The super lovely childcare staff came over (She could clearly see I was about to have a nervous breakdown) She made Rosie giggle and feel at ease with her by playing peekaboo. Rosie beamed up at her ‘AHH she is just so cute whhyyy am I leaving you’ I thought to myself.

I put her bag (Which had EVERYTHING you could imagine in it X 2) into her little locker. Took off her little coat and gave her the biggest cuddle. You could see the staff were so ready to take her and let me be on my way. But I was not ready! Just a little longer I thought. Rosie was eyeing up all the colourful toys and taking in the new surroundings. I was just taking in every inch of my little girl. I knew that as soon as I handed her to the staff I would need to evacuate this place ASAP as the tear train was rolling in at any moment.

I had a tiny moment of strength and said to myself ‘get a grip Danielle – you are ready. Rosie is ready’ and I handed her over, I waved goodbye and I left.

I managed to hold back the tears but it felt so strange leaving. ‘WHAT DO I DO NOW?’ As it was just a trial day and I didn’t start work til the following week I knew I needed to keep busy. Netflix binge? Shopping spree? The pub? ALL great possibilities.

I had forgotten how easy it was without a pram or heavy nappy bag. I started to get excited over the fact I could use escalators (Why is this exciting seriously?) Make a phone call in peace and enjoy a HOT coffee. I ended up going to the local Westfield and decided to get my hair cut. I sat there and talked all about little miss to the hairdresser the whole time. The poor lady probably wanted peace and quiet by the time she had finished. I wandered around aimlessly and I rang the daycare every hour to see how she was getting on. All positive feedback from them and she was settling in well. (Me on the other hand…not so much)

I could not wait to pick her up.

After the longest day ever I ran into that daycare, scanned the room for her (Would be pretty embarrassing if I picked up the wrong baby in my excitement!). I scooped her up into my arms and felt the biggest relief. We had both made it. We survived our first day of daycare.

The trial day certainly prepared me for going back to work and I found that after my first day back in the office, I was not obsessing over how she was doing every 5 minutes (Maybe every 10!) as I had work to do and knew she was in very capable hands and that they would contact me if there were any issues.

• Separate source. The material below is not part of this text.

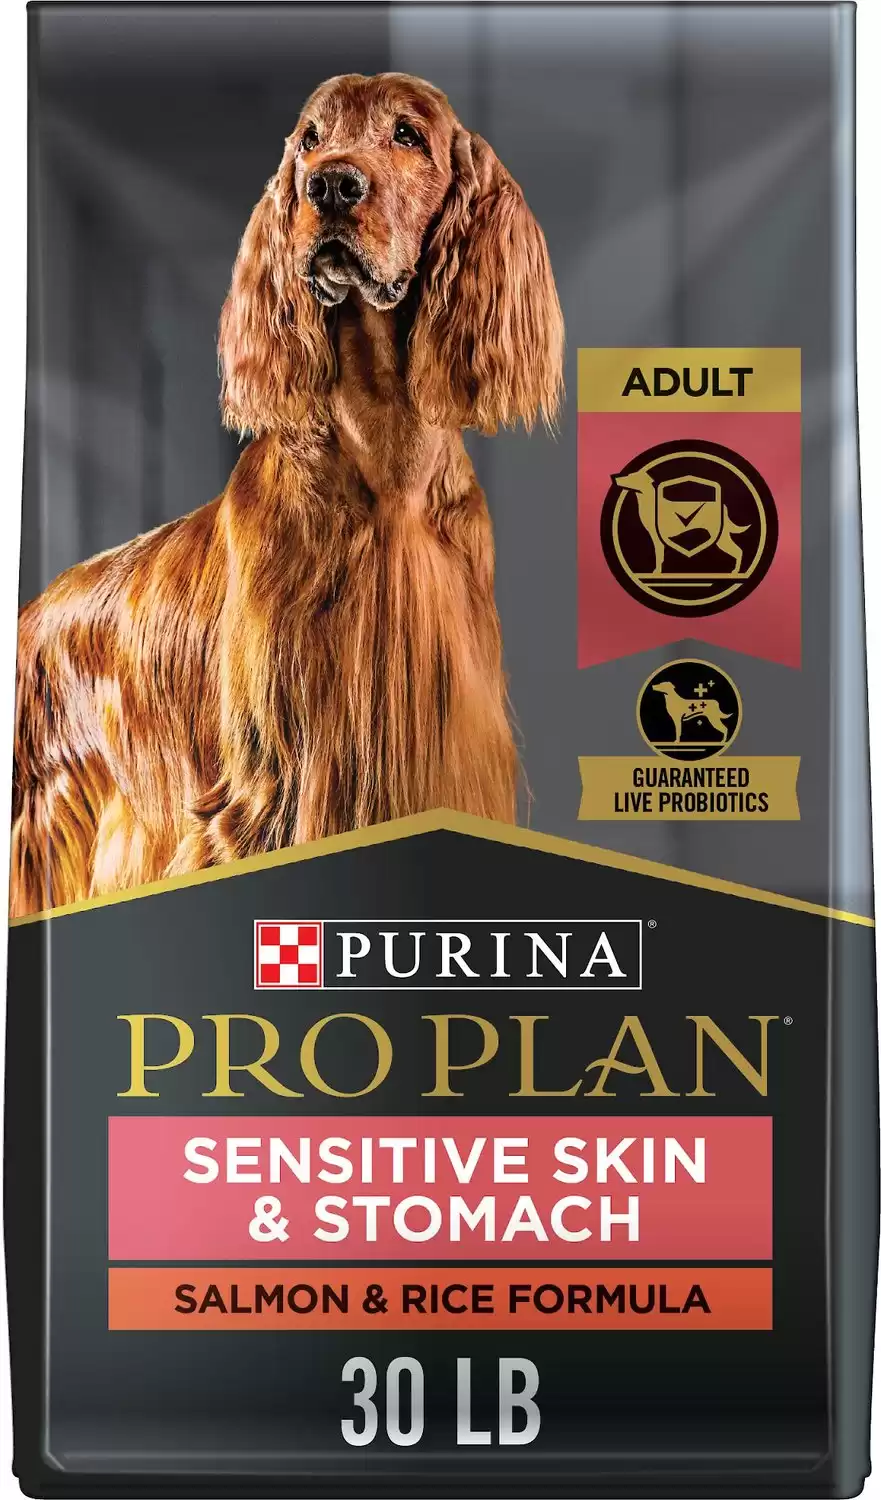 Purina Pro Plan Skin and Stomach High Protein Dog Food

When the time comes for your little ones to go to daycare or nursery or even school it all of a sudden feels like your baby is no longer a baby. It makes you reminisce about them being so tiny and new to the world where you doted on them day and night. We all have individual circumstances, whether you work full or part time, are a stay at home parent or work from home. We all have to choose what is right for our families. Some decisions are easier than others and whatever stage you are at take comfort in knowing you are not alone. Somewhere there is another mum feeling just how you are.

The daycare days will get easier and it will soon be on to the next challenge but for now i look forward to watching Rosie grow as I grow and learn alongside her.